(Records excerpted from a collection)
----------

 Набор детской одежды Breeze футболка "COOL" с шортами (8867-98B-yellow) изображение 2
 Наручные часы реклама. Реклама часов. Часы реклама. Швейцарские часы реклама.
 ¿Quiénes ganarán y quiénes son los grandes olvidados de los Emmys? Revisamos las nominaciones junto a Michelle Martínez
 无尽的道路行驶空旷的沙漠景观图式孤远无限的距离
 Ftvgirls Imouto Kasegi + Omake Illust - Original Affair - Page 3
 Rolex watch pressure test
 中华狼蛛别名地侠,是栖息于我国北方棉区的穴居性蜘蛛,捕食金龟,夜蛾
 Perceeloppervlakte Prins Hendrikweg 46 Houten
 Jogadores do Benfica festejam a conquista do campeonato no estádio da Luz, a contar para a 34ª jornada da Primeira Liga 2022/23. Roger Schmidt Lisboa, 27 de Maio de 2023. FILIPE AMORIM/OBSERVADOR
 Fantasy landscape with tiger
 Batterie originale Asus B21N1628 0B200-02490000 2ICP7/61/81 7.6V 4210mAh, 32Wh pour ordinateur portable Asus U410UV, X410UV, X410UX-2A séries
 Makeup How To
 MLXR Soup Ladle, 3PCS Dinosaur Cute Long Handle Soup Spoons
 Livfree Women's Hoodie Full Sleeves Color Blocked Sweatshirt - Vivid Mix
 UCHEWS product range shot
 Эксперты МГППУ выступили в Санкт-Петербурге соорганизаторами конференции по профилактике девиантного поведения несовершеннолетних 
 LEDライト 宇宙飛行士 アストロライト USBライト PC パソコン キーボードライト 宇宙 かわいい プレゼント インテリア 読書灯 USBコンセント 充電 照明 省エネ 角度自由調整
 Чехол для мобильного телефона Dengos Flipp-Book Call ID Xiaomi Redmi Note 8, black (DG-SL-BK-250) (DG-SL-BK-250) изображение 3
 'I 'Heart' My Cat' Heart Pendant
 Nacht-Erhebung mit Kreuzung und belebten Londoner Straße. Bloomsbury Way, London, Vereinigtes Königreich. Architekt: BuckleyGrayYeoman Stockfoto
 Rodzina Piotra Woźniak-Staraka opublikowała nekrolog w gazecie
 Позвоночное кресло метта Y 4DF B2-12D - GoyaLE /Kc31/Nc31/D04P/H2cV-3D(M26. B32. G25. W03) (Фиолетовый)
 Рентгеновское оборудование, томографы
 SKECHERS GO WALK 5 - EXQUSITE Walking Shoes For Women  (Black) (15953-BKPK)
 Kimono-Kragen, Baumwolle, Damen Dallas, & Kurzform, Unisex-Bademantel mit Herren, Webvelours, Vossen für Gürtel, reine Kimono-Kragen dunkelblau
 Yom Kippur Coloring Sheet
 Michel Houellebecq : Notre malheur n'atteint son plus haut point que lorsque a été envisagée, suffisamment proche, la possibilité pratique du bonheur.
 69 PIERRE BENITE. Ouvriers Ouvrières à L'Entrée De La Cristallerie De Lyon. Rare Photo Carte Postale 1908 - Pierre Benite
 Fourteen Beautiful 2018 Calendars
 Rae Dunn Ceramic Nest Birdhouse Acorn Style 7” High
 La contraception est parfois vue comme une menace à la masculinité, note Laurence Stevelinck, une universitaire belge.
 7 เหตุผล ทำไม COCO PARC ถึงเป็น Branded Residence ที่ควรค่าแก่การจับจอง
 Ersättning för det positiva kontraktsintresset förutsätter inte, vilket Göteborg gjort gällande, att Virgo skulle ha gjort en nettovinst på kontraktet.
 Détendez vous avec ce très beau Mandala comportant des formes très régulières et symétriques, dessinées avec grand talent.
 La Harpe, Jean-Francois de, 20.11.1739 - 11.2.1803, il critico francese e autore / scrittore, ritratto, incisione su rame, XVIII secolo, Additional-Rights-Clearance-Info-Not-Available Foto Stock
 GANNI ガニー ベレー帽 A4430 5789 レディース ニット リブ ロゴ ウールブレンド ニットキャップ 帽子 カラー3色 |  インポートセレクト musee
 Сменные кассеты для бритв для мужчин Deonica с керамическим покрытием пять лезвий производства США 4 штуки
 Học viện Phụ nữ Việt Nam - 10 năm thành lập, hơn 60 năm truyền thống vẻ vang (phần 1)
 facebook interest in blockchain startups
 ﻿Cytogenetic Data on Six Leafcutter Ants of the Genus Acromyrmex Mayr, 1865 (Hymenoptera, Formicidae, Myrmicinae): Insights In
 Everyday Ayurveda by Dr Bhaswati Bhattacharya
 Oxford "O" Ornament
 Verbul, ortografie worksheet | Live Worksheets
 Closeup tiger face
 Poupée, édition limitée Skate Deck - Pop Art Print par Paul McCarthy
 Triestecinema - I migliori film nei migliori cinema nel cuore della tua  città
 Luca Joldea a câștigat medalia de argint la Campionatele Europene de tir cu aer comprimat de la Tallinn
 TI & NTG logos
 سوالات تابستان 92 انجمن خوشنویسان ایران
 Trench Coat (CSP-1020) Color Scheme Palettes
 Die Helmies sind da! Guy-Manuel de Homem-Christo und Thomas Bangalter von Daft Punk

----------

If a line falls between the first line of the records and the line containing "Yom Kippur Coloring Sheet", inclusive, repeat it exactly; leave out all others.

• [YOUR RESPONSE]:
 Набор детской одежды Breeze футболка "COOL" с шортами (8867-98B-yellow) изображение 2
 Наручные часы реклама. Реклама часов. Часы реклама. Швейцарские часы реклама.
 ¿Quiénes ganarán y quiénes son los grandes olvidados de los Emmys? Revisamos las nominaciones junto a Michelle Martínez
 无尽的道路行驶空旷的沙漠景观图式孤远无限的距离
 Ftvgirls Imouto Kasegi + Omake Illust - Original Affair - Page 3
 Rolex watch pressure test
 中华狼蛛别名地侠,是栖息于我国北方棉区的穴居性蜘蛛,捕食金龟,夜蛾
 Perceeloppervlakte Prins Hendrikweg 46 Houten
 Jogadores do Benfica festejam a conquista do campeonato no estádio da Luz, a contar para a 34ª jornada da Primeira Liga 2022/23. Roger Schmidt Lisboa, 27 de Maio de 2023. FILIPE AMORIM/OBSERVADOR
 Fantasy landscape with tiger
 Batterie originale Asus B21N1628 0B200-02490000 2ICP7/61/81 7.6V 4210mAh, 32Wh pour ordinateur portable Asus U410UV, X410UV, X410UX-2A séries
 Makeup How To
 MLXR Soup Ladle, 3PCS Dinosaur Cute Long Handle Soup Spoons
 Livfree Women's Hoodie Full Sleeves Color Blocked Sweatshirt - Vivid Mix
 UCHEWS product range shot
 Эксперты МГППУ выступили в Санкт-Петербурге соорганизаторами конференции по профилактике девиантного поведения несовершеннолетних 
 LEDライト 宇宙飛行士 アストロライト USBライト PC パソコン キーボードライト 宇宙 かわいい プレゼント インテリア 読書灯 USBコンセント 充電 照明 省エネ 角度自由調整
 Чехол для мобильного телефона Dengos Flipp-Book Call ID Xiaomi Redmi Note 8, black (DG-SL-BK-250) (DG-SL-BK-250) изображение 3
 'I 'Heart' My Cat' Heart Pendant
 Nacht-Erhebung mit Kreuzung und belebten Londoner Straße. Bloomsbury Way, London, Vereinigtes Königreich. Architekt: BuckleyGrayYeoman Stockfoto
 Rodzina Piotra Woźniak-Staraka opublikowała nekrolog w gazecie
 Позвоночное кресло метта Y 4DF B2-12D - GoyaLE /Kc31/Nc31/D04P/H2cV-3D(M26. B32. G25. W03) (Фиолетовый)
 Рентгеновское оборудование, томографы
 SKECHERS GO WALK 5 - EXQUSITE Walking Shoes For Women  (Black) (15953-BKPK)
 Kimono-Kragen, Baumwolle, Damen Dallas, & Kurzform, Unisex-Bademantel mit Herren, Webvelours, Vossen für Gürtel, reine Kimono-Kragen dunkelblau
 Yom Kippur Coloring Sheet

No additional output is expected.